Justifica la tala de árboles que critican los vecinos por el mal estado de algunos ejemplares y defiende que se plantarán más de los que se eliminan

El gobierno de Algemesí justificó ayer la tala de árboles en el Parc Salvador Castell por la presencia de ejemplares enfermos y la necesidad de prevenir posibles accidentes por la caída de ramas, como sucedió en el último temporal, y defendió que la cuarta fase del proyecto de reforma «incluye la plantación de 16 nuevos árboles -frente a la docena que se eliminan con las obras-, entre cipreses, plataneros y cicas, que dotarán al parque de un entorno más verde», señaló la concejal de Parques y Jardines, Palma Egido.

El Ayuntamiento de Algemesí informó ayer del inicio de la remodelación del parque Salvador Castell, una actuación que engloba el tramo que va desde la calle Sant Josep de Calassanç a la plaza de Argentina. Las obras están financiadas con una subvención de 797.484 euros de la Conselleria de Vivienda y la Diputación y permitirán finalizar la reforma y adecuación de todo el parque. El comunicado se produce justo después de que la Associació de Veïns del Parc Salvador Castell denunciara la tala «indiscriminada» de árboles, la supresión de zonas verdes y jardines y lamentara que la reforma se hubiera concebido pensando en crear un espacio diáfano para poder montar las casetas de las peñas taurinas.

No obstante, el ayuntamiento defendió que el principal objetivo de estas actuaciones es convertir el parque en un lugar «menos urbanizado y más natural» y con ese fin, alega, «se incorporará más vegetación y espacios que posibilitan la acogida de un amplio abanico de actividades, con diferentes materiales y elementos dependiendo de la necesidad, así como una mejor conexión con el paisaje». El gobierno defiende que la intervención tenía que conjugar la voluntad de espacios libres naturalizados como primera premisa con la necesidad de suelos pavimentados para la hostelería, el montaje de las casetas de la Setmana de Bous y las instalaciones de la Fira de Sant Onofre.

Dar respuesta a necesidades

El consistorio expone que por eso la redacción del proyecto fue debatida con los vecinos y los usuarios del parque, así como con los responsables de actividades extraordinarias que allí se celebran «para conseguir dar respuesta a las necesidades de cada usuario y mejorar la convivencia».

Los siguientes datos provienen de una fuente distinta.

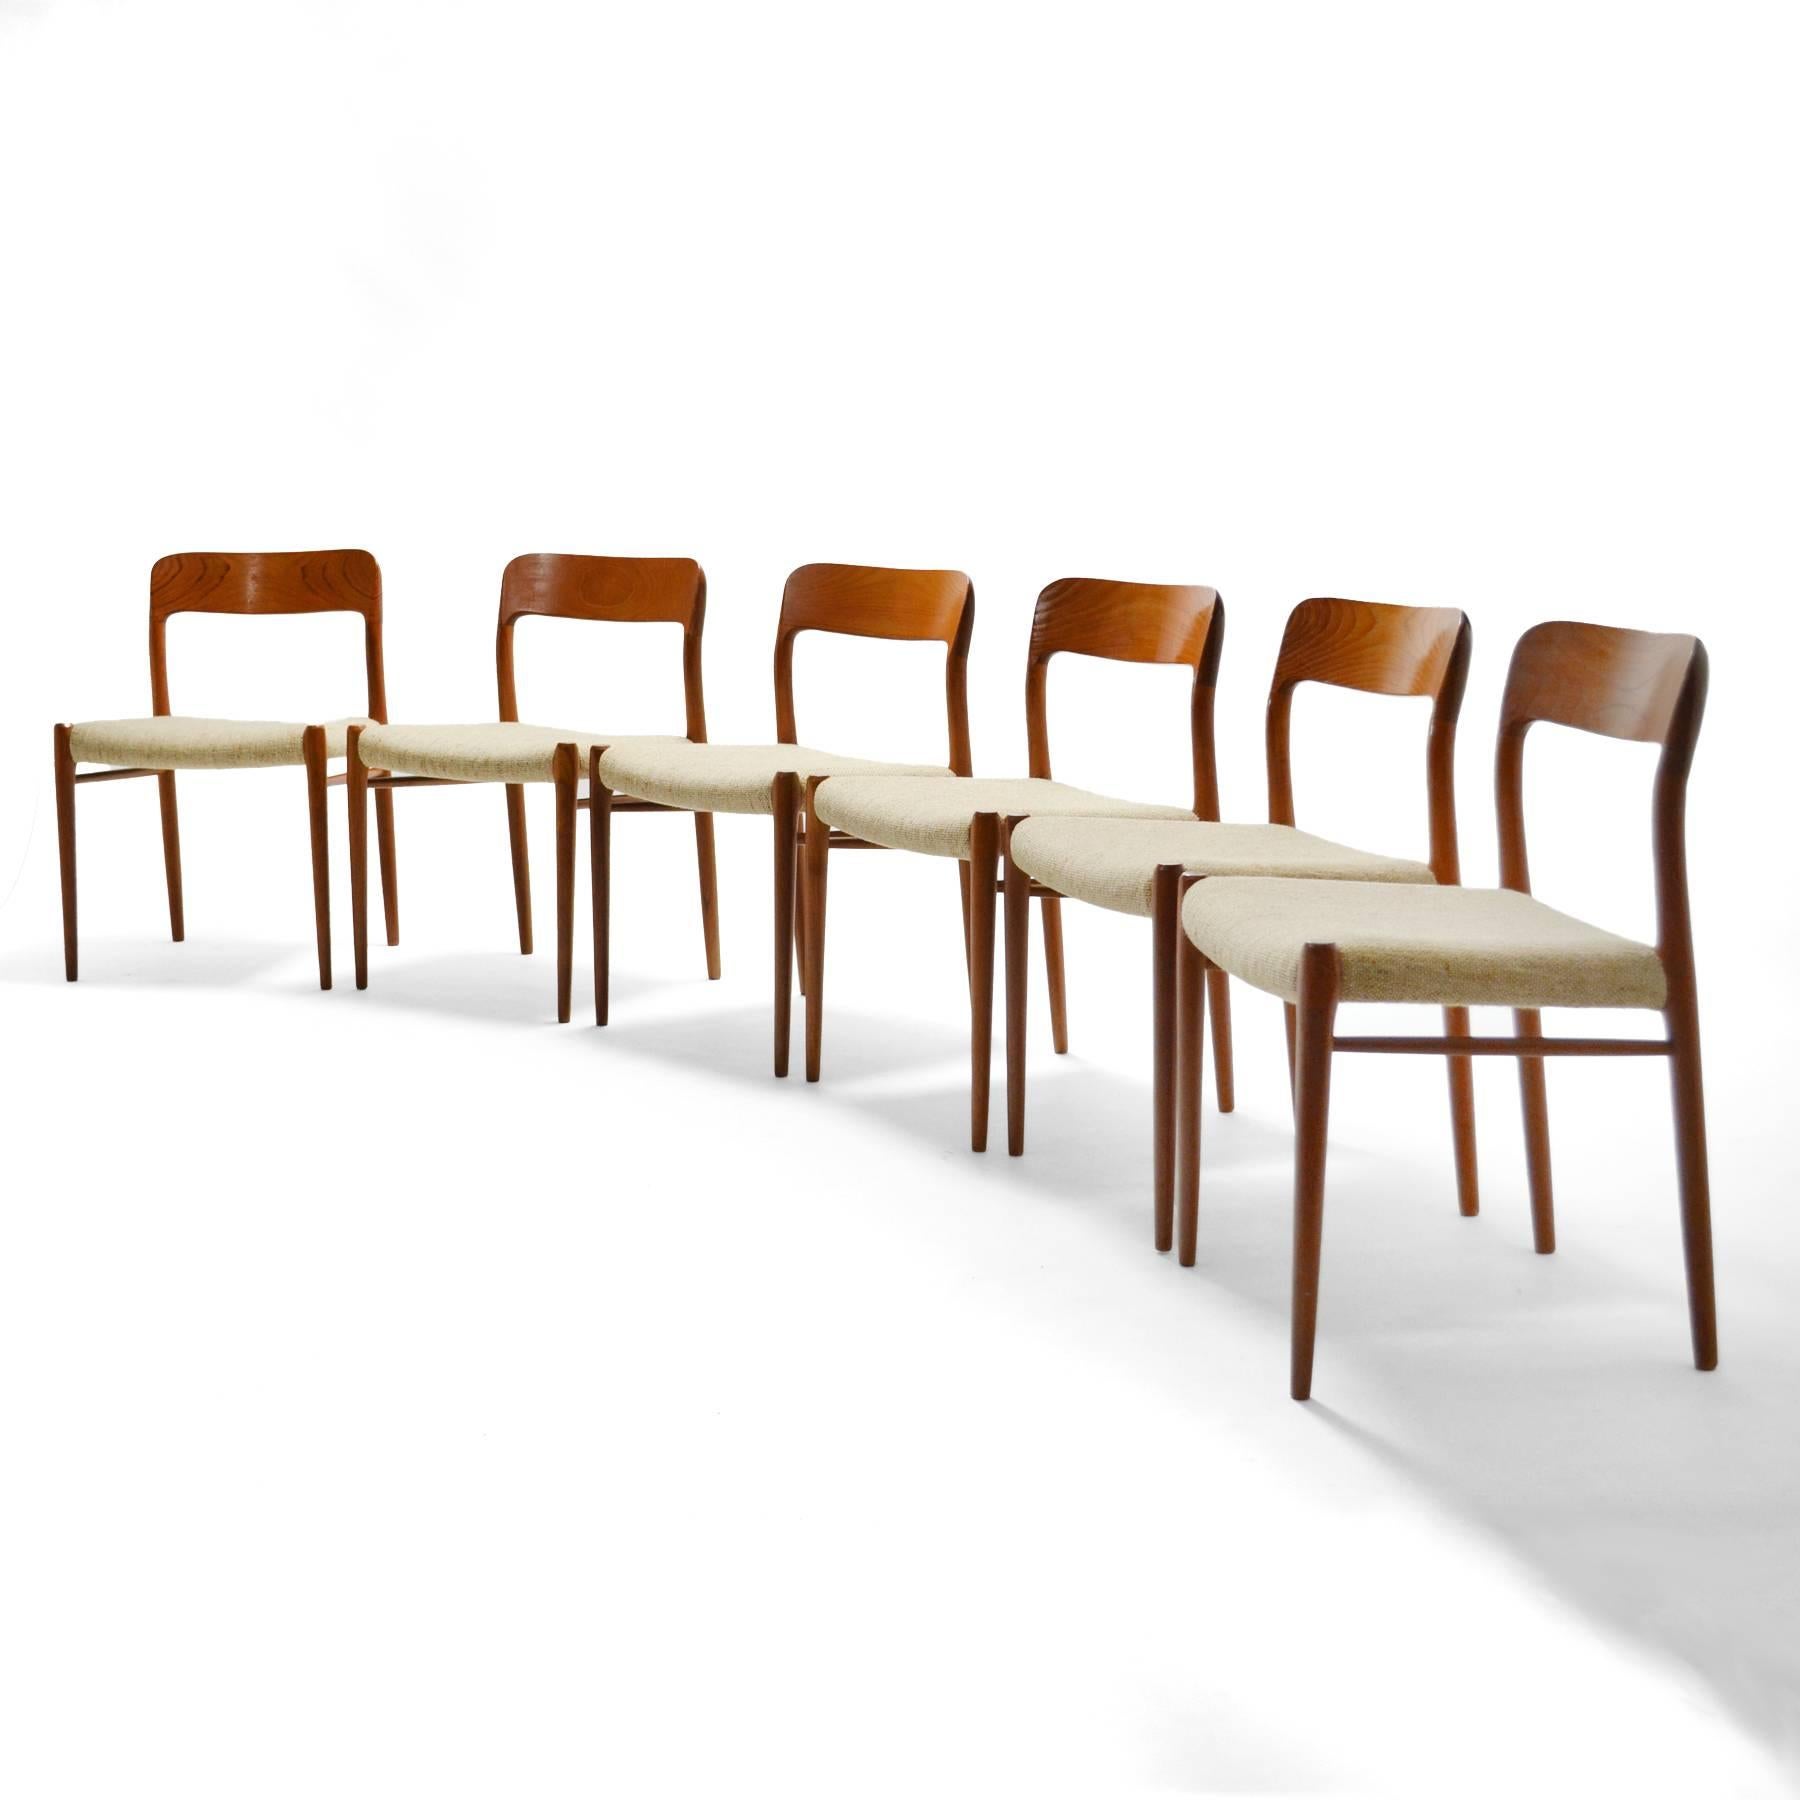 An exceptional set of Niels O. Møller model 75 chairs in rich teak by J.L. Møllers Møbelfabrik.

El concejal de Urbanismo, Édgar Bresó, subrayó la necesidad de esta obra «por el estado deteriorado y peligroso del pavimento» así como por su importante rol en «la mejora del bienestar dado que permitirá reducir el ruido a las viviendas del parque así como hacer posible que los peatones crucen toda la superficie sin interferencias con los acontecimientos que se puedan producir en el parque».

El espacio central de la nueva ordenación se realizará con tierra y césped y se construirá un estanque para crecer en zona verde y aportar la vertiente más natural demandada por la ciudadanía. En la parte más lejana a las viviendas se dejará el espacio para los actos festivos, que estarán separados mediante una barrera de vegetación. Además, se dará continuidad al carril bici que bordeará el parque para evitar interferencias con los peatones.